SB: I started publishing fairly young, and I was naïve. I figured that I had a lot of time, and I'd make it on my own talent. Then I woke up and looked around and said, “I'm all alone. I'm the only one. I'm the only Black man writing science fiction.” And I knew I had to do more. I couldn't just create good characters, and ignore race. Other people cared about race too much. I had to create solid Black characters and make them central to my books, and do so without shutting out the open-minded, open-hearted white readers who make up so much of my readership. I had to find a way to make my black characters accessible to everyone, and to assure white readers they weren't going to get bashed if they read my work.
But it also isn't about me, or conscious decisions I make. It's not about me. It's never been about me, and the older I get, the more I trust my essence. I make conscious decisions less and less often.
I feel like I was set on this path. I was given the opportunity to be a writer. I was given certain opportunities, some of which were burdens, very painful burdens, but I'd be doing a disservice to Blacks, and to all Americans, to turn away from addressing these questions. Like many people, I want to tell the truth about what it means to be human, to be spirit in this flesh, to help us dwell a little closer to existence.

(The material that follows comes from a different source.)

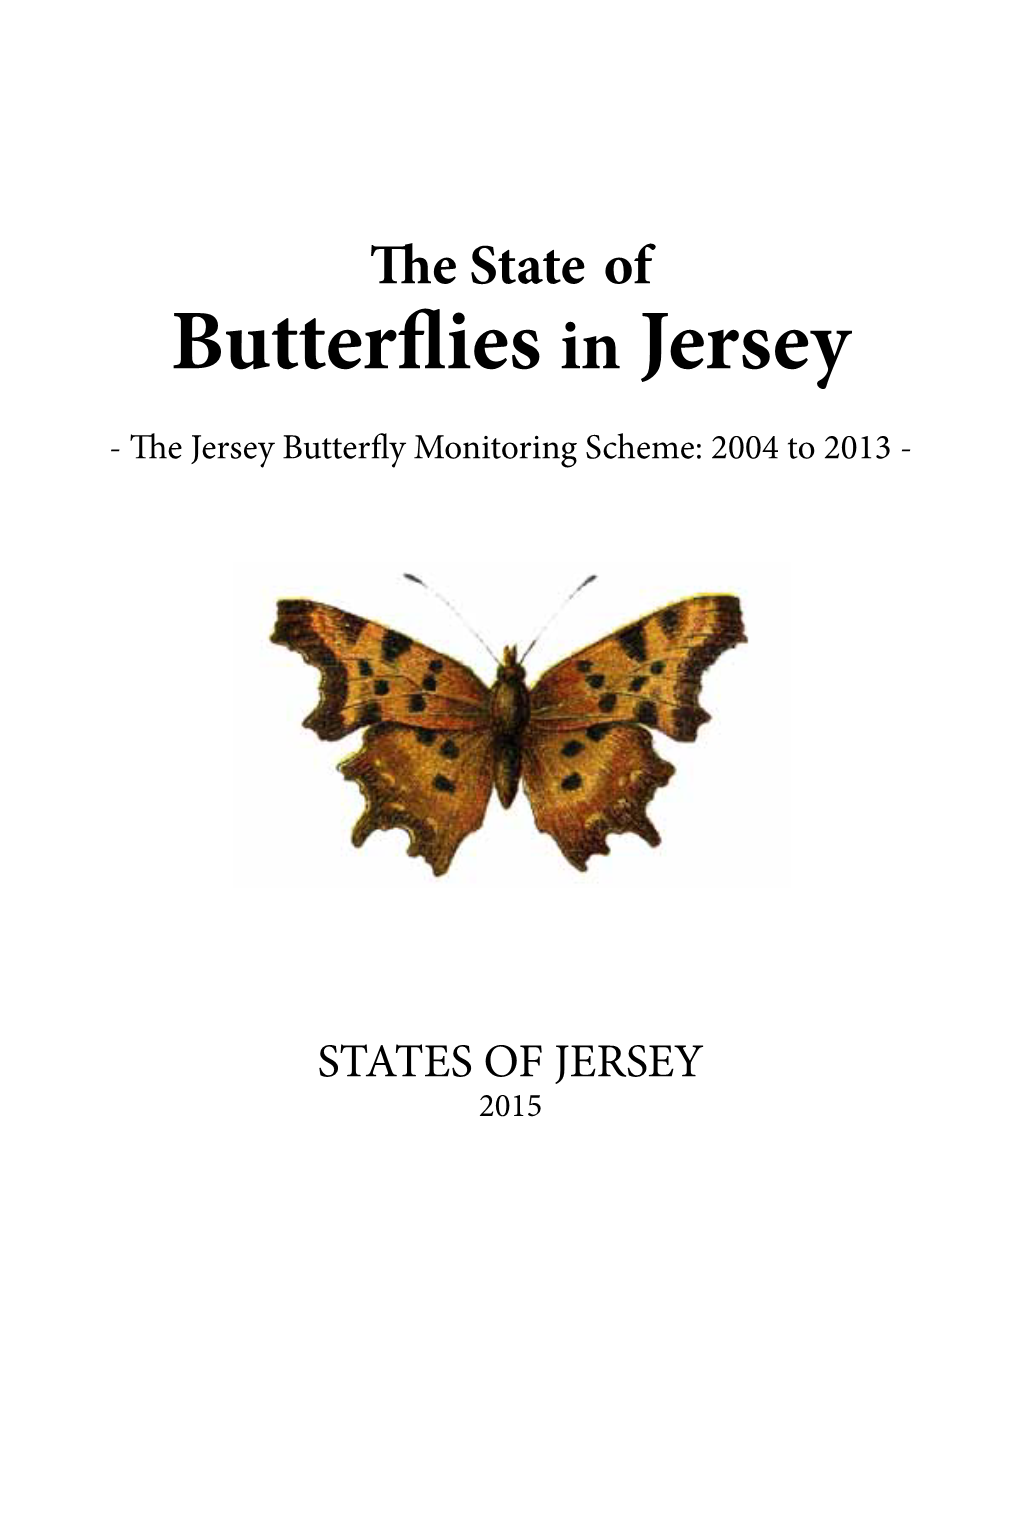 Butterflies in Jersey

But that spiritual reality is always in tension with the historical reality. The myth of America—and I do not use the term “myth” in a pejorative fashion—is the myth of liberty. The myth that if you're willing to work, and to lay down your blood upon the land to defend it, you can be part of it. That promise is still echoing, and I'm trying to provide the strong shoulders, the shoulders that can bear the burden and not break, for future generations to stand upon. Just as I stand on th
e shoulders of those who went before me.
GB: Well, then, why in Charisma did you choose to give Alexander Marcus such a dark side?
SB: Why not?
For a number of years I had been thinking about using the Neurolinguistic Programming approach to modeling the thought patterns of another person. It is hyper-efficient, but seemed to carry the danger that someone would pick up the negative behaviors of the person along with the positives they were trying to copy. I thought about doing another novel in the Aubrey Knight universe, but ultimately I determined the idea would fit better in a more mimetic universe, and that led to Charisma.
GB: Charisma's Alexander Marcus is a powerful figure. Did you have any historical models in mind for him?

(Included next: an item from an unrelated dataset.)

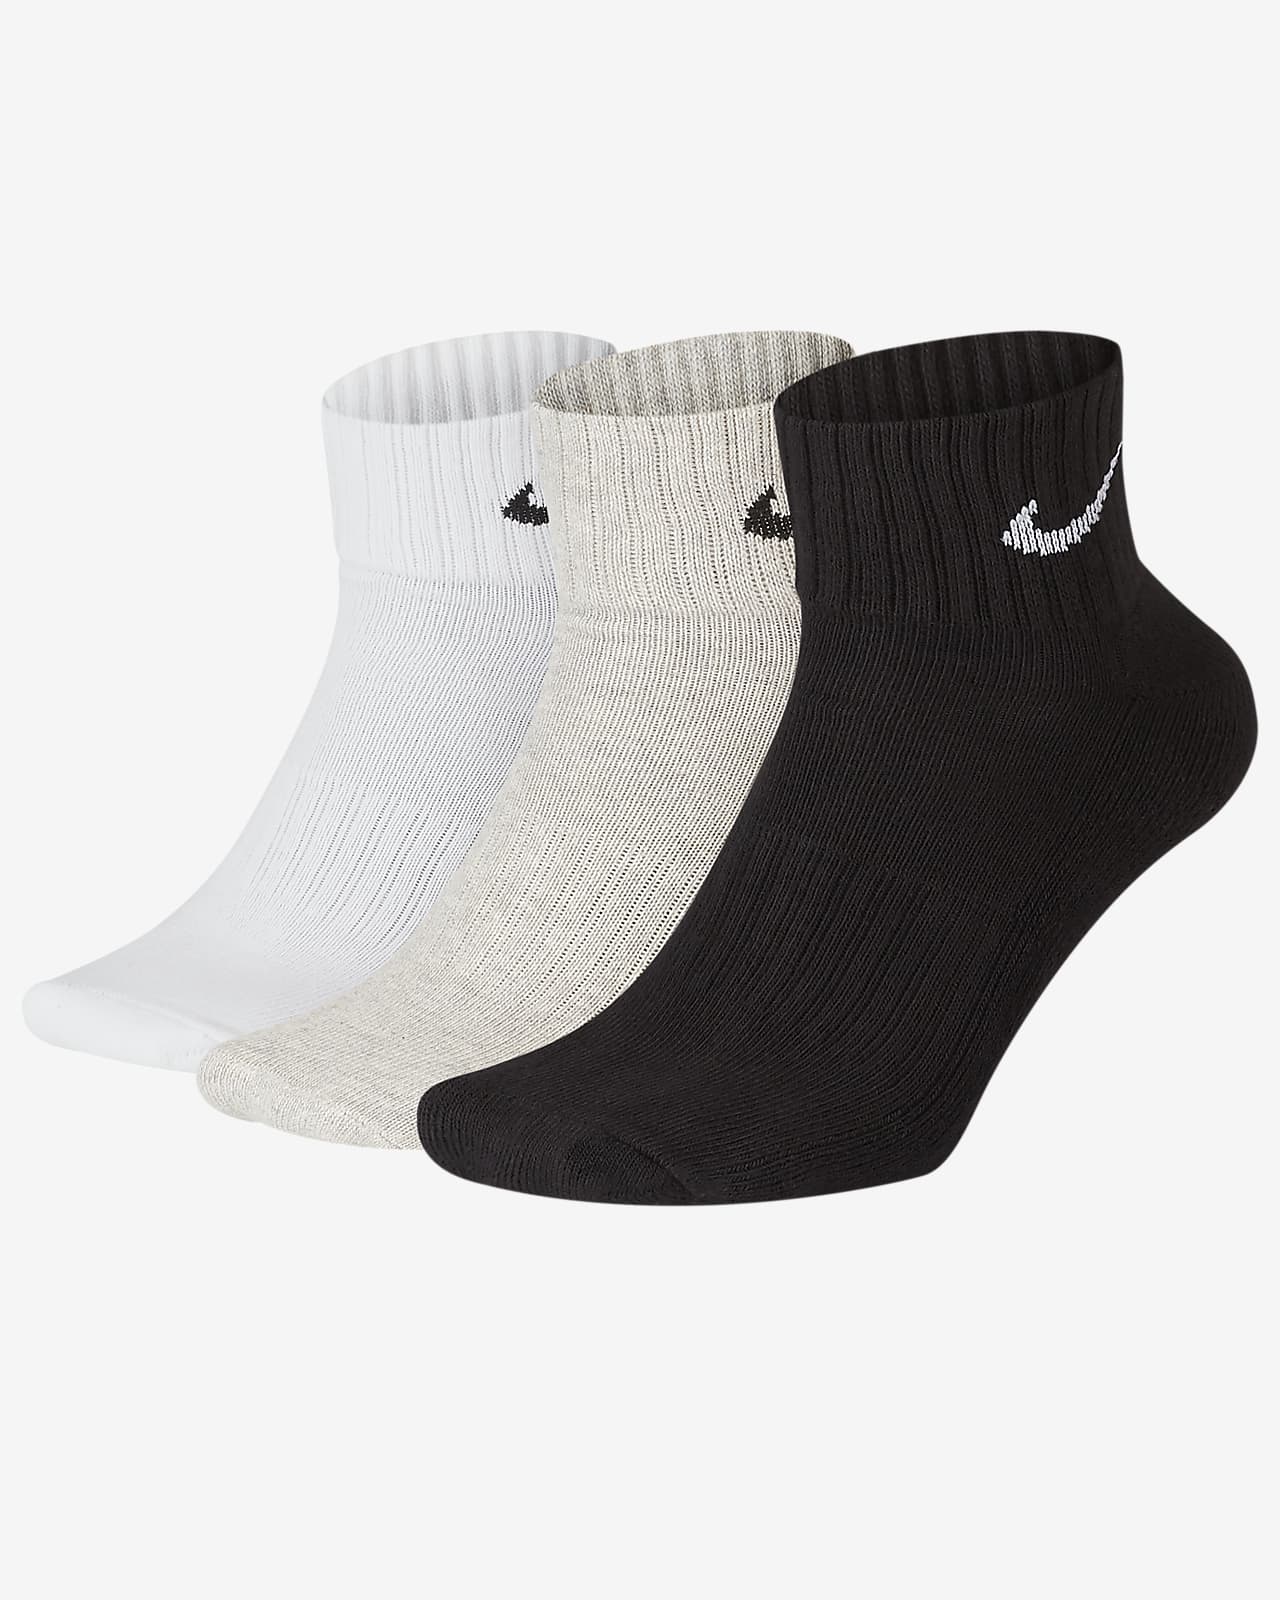 Κάλτσες μέχρι τον αστράγαλο με αντικραδασμική προστασία Nike (τρία ζευγάρια)

SB: I originally thought of him as a cross between Jesse Jackson and Colin Powell, but added dollops of entrepreneurial energy as I went.
GB: I love the character of Aubry Knight, and I've welcomed each of the three books he's been in. However, in Firedance he reached a new level of maturity, and perhaps a natural stopping point. Do you have plans for any more books featuring Aubry?
SB: I tend to doubt it. These books haven't had the sort of sales figures I'd like that would allow me to move my career forward.
GB: How about Lion's Blood? The world of Lion's Blood is extremely rich. Do you plan further works in this alternative America?
SB: Yes. My next book that's coming out is Zulu Heart, which isn't a sequel, but is set in the universe of Lion's Blood. After that, I'm going to decide what my next project is by the public response.
I've spent twenty years pounding on the front door, and I feel like I've made very little impact. If I'm the only voice in the field, I need to re-evaluate what I'm doing. I've got to flow like water and find the openings. I'm lucky to have editors who believe in me, and my current situation is both inspiring and humbling. I'm trying to create something that never existed. And all I can do is the best I can do.